Industrial sector is a crucial sector for sustainable growth of India. The sector growth rate and its contribution to overall growth is not sufficient enough for achieving double digit growth. The benefit of achieving industrial growth is that it is employment friendly and it is a self priming system. The constraints in the development of Industrial sector are as follows:
Regulatory uncertainty: Regulatory risks and policy uncertainty in the past have dented investor confidence.
- Investment: There has been a cyclical slowdown in fresh investment since 2011-12.
- Technology adoption: The adoption of new technologies like artificial intelligence, data analytics, machine-to-machine communications, robotics and related technologies, collectively called “Industry 4.0”, are a bigger challenge for SMEs than for organized large-scale manufacturing.

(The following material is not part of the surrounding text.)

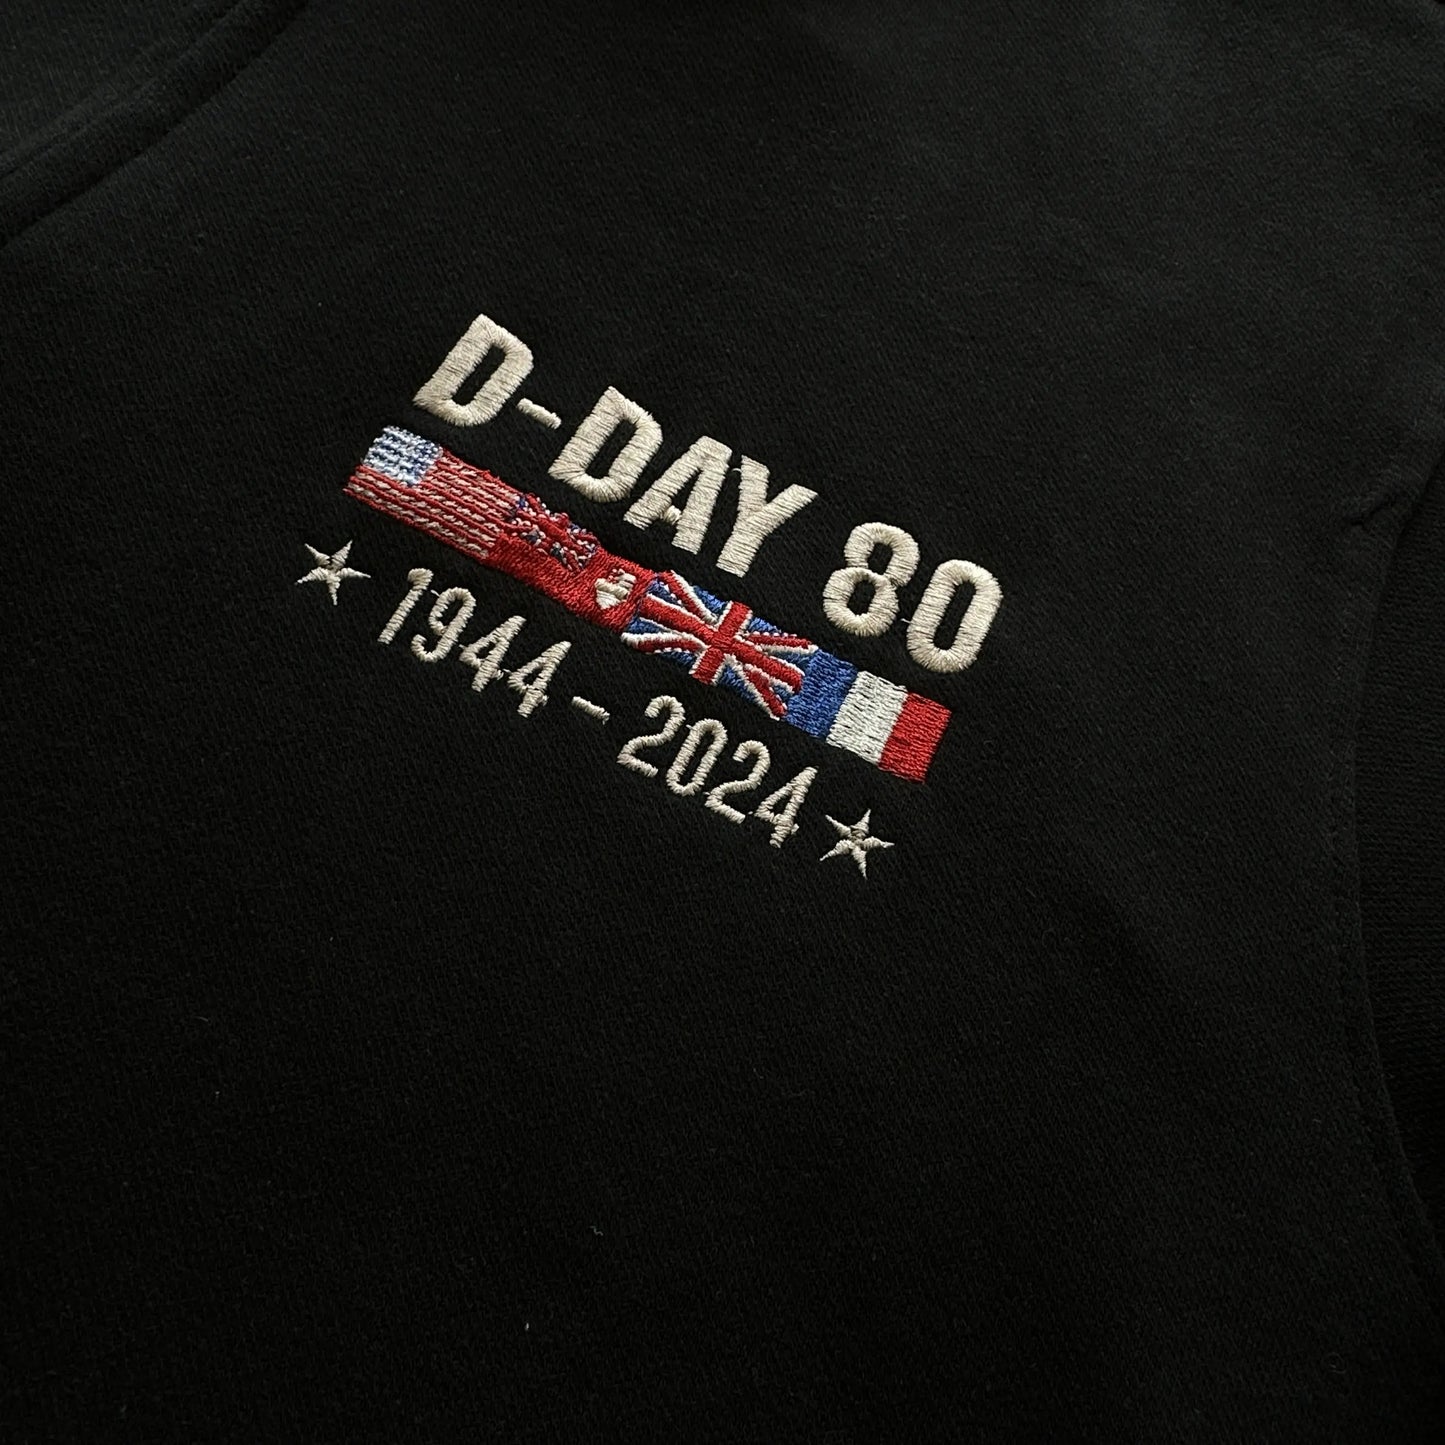 D-Day 80th Anniversary Embroidered Jacket with free personalization

Data security, reliability of data and stability in communication/transmission also pose challenges to technology adoption.
- Exports and insufficient domestic demand: There has been no export driven industrial growth. Domestic demand alone may not be adequate for sustained, high value manufacturing.
- Challenges to doing business: Despite recentimprovements in our global EODB rank, it continues to be a drag on the system. This is also true of investment conditions in the states. Getting construction permits, enforcing contracts, paying taxes, starting a business and trading across borders continue to constrain doing business.